Introduction to Our Example Application

During this tutorial we will implement several Spring Batch jobs that processes the student information of an online course. This time we need to create a Spring Batch job that can import student information from an Excel file. This file contains a student list that provides the following information for our application:

  • The name of the student.
  • The email address of the student.
  • The name of the purchased package.

When we read the student information from an Excel file, we have to transform that information into StudentDTO objects which are processed by our batch job. The StudentDTO class contains the information of a single student, and its source code looks as follows:

public class StudentDTO {
 
    private String emailAddress;
    private String name;
    private String purchasedPackage;
 
    public StudentDTO() {}
 
    public String getEmailAddress() {
        return emailAddress;
    }
 
    public String getName() {
        return name;
    }
 
    public String getPurchasedPackage() {
        return purchasedPackage;
    }
 
    public void setEmailAddress(String emailAddress) {
        this.emailAddress = emailAddress;
    }
 
    public void setName(String name) {
        this.name = name;
    }
 
    public void setPurchasedPackage(String purchasedPackage) {
        this.purchasedPackage = purchasedPackage;
    }
}

Before we can configure an ItemReader that reads student information from our Excel file, we have to add a few additional dependencies into our build script.
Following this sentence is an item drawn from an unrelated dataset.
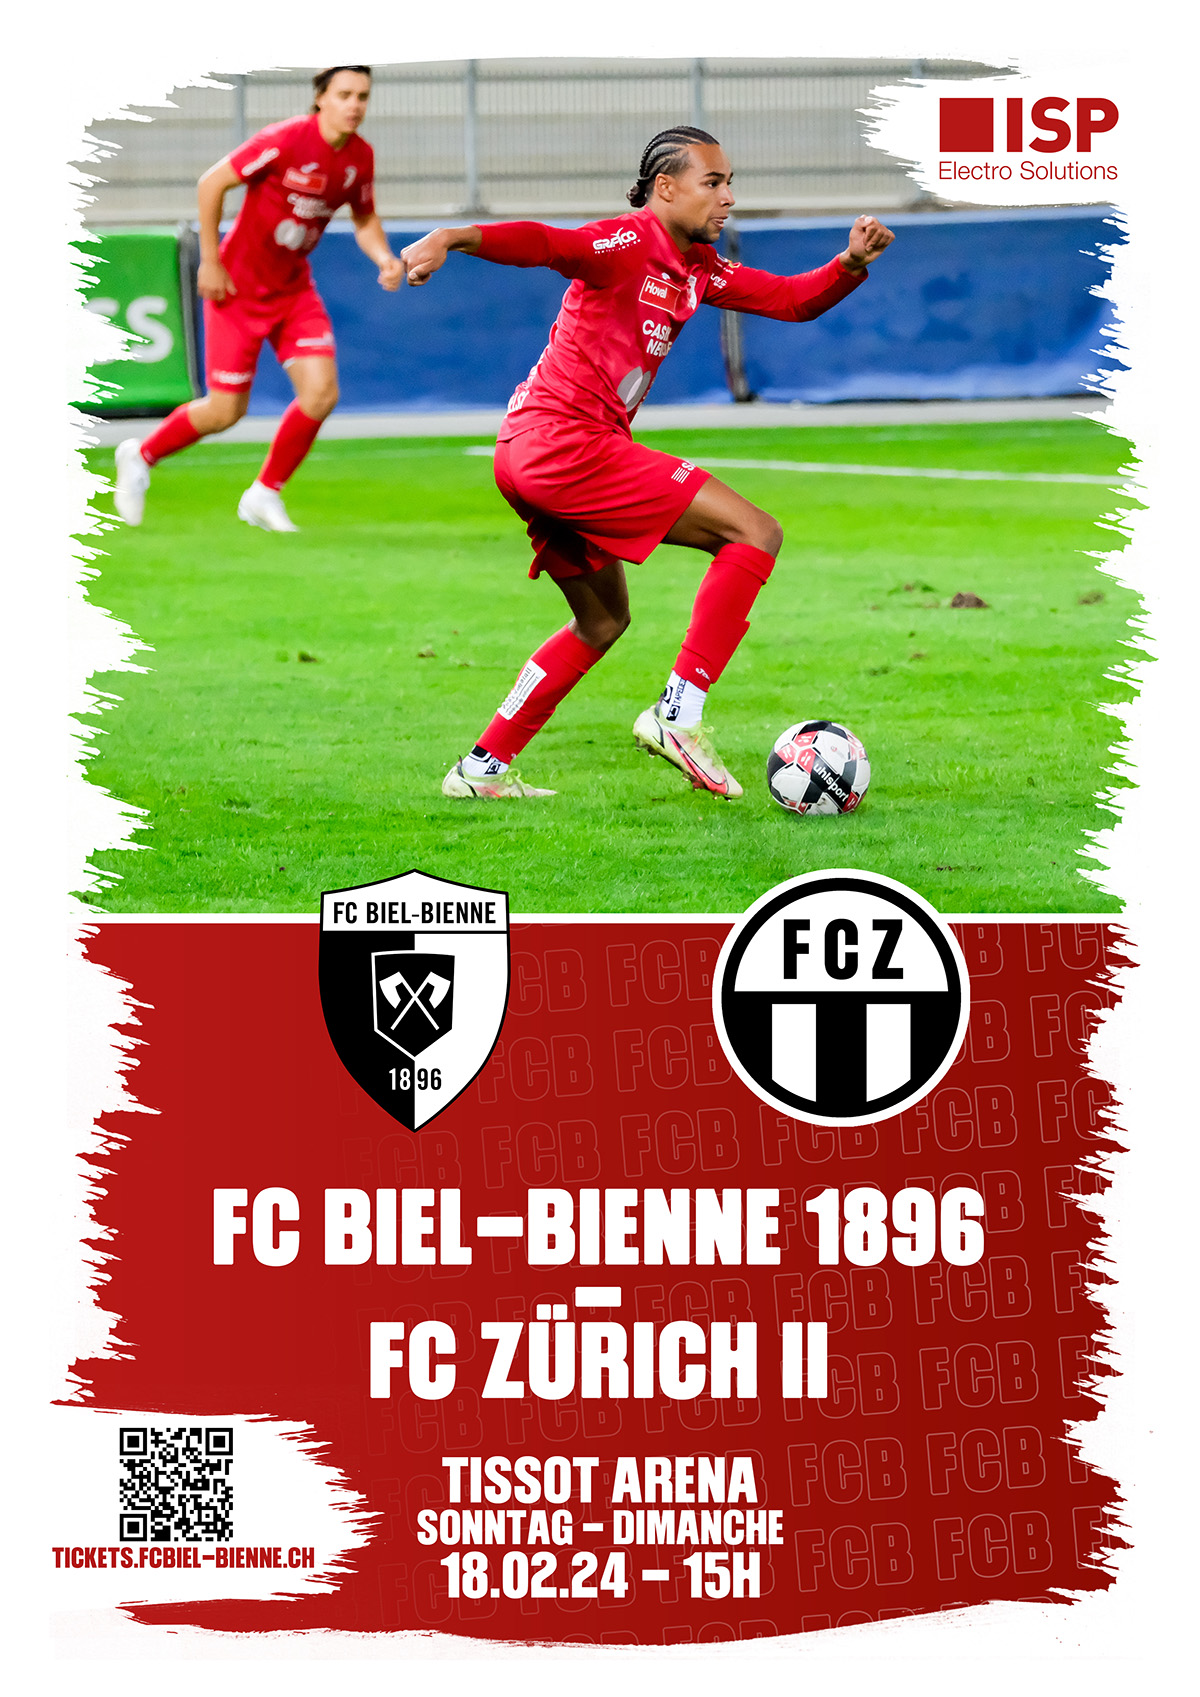 Willkommen dem Nachwuchs des FC Zürich, seinen Fans und allen Anhängern des FC Biel-Bienne 1896

Getting the Required Dependencies

If we want to read the input data of our Spring Batch job from an Excel document, we have to add the following dependency declarations into our build script:

  • Spring Batch Excel is a Spring Batch extension that provides ItemReader implementations for Excel. Unfortunately at the moment the only way to get the required jar file is to build it from the source.
  • Apache POI provides a Java API for Microsoft Office documents. It is an optional dependency of Spring Batch Excel, and we can use it for reading input data from .XLS and .XLSX documents.
I assume that most of you don’t want to build Spring Batch Excel from the source. That is why I did it for you. Take a look at the example applications of this blog post: Spring example and Spring Boot example. These applications have working Gradle and Maven build scripts that use the Maven repository found from the repo directory.

Additional Reading:

After we have added the required dependency declarations into our build script, we can finally configure the ItemReader that can read the student information from our Excel spreadsheet.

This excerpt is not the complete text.